The Nokia Lumia 620 is an entry-level smartphone designed, developed and marketed by Nokia. It is the successor to the Lumia 610, and is one of the first Nokia phones to implement Windows Phone 8 alongside the Nokia Lumia 920 and Nokia Lumia 820. Although sharing a similar name with the Lumia 610, the Lumia 620 is a major overhaul over its predecessor, employing a 1.0 GHz dual-core processor. It also has exchangeable back covers which come in black, white, magenta, yellow, cyan etc.

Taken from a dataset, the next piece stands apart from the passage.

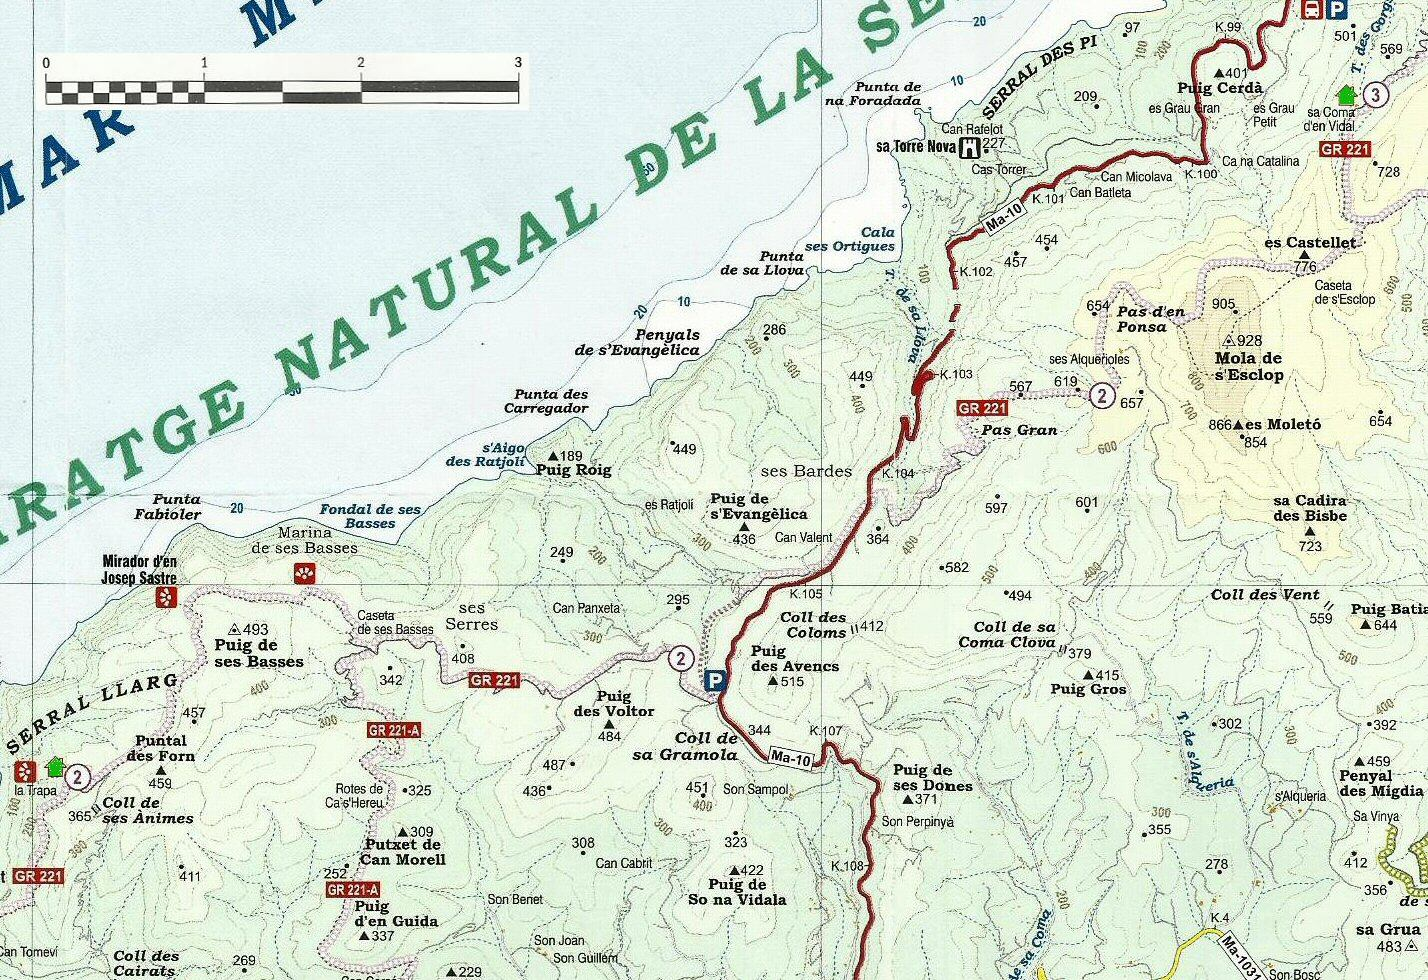 Mallorca cartes du gr 221 mayake - Carte tntsat gratuite ...

It was announced in December 2012 and started selling in January 2013 in Asia, followed by Europe and the Middle East at an estimated street price of USD 249. In the United States, the Nokia Lumia 620 is available for AT&T's subsidiary brand Aio Wireless.

Like other Lumia devices with Windows Phone 8, Nokia adds these applications: HERE Drive+, HERE Maps, HERE City Lens, Nokia Mix Radio (select markets), Nokia Smartshoot, Nokia Cinemagraph. With subsequent Nokia Amber and Nokia Black updates, they added Nokia Camera, Nokia Glance, Glance Background, Storage Check, Data Sense and several other minor enhancements which were supplied by Microsoft as part of their general distribution release.

Because of the limited memory available on this phone, certain applications and features will not be able to run.

On July 23, 2013, a variant of the Nokia Lumia 620, the Nokia Lumia 625, was released with a bigger display, 4G support, faster processor, larger battery and 1080p video recording. However, this model lacks certain features like Nokia Glance and some sensors for which it lacks the ability to run applications including Nokia City Lens

Along with Lumia 810 and 928, this model will not get the FM Radio support upon updating to Windows Phone "Amber". Reasons range from the model not having the FM radio chip to the design of the casing (and earphone plug) not supporting the connection for the antenna required.

Specifications

Hardware
The Lumia 620 comes with a 3.8-inch capacitive touchscreen LCD display. It is powered by a dual-core 1.0 GHz Krait Qualcomm Snapdragon S4 processor and has 512 MB of RAM. The phone has 8 GB of internal storage that can be expanded using MicroSD cards up to 64 GB.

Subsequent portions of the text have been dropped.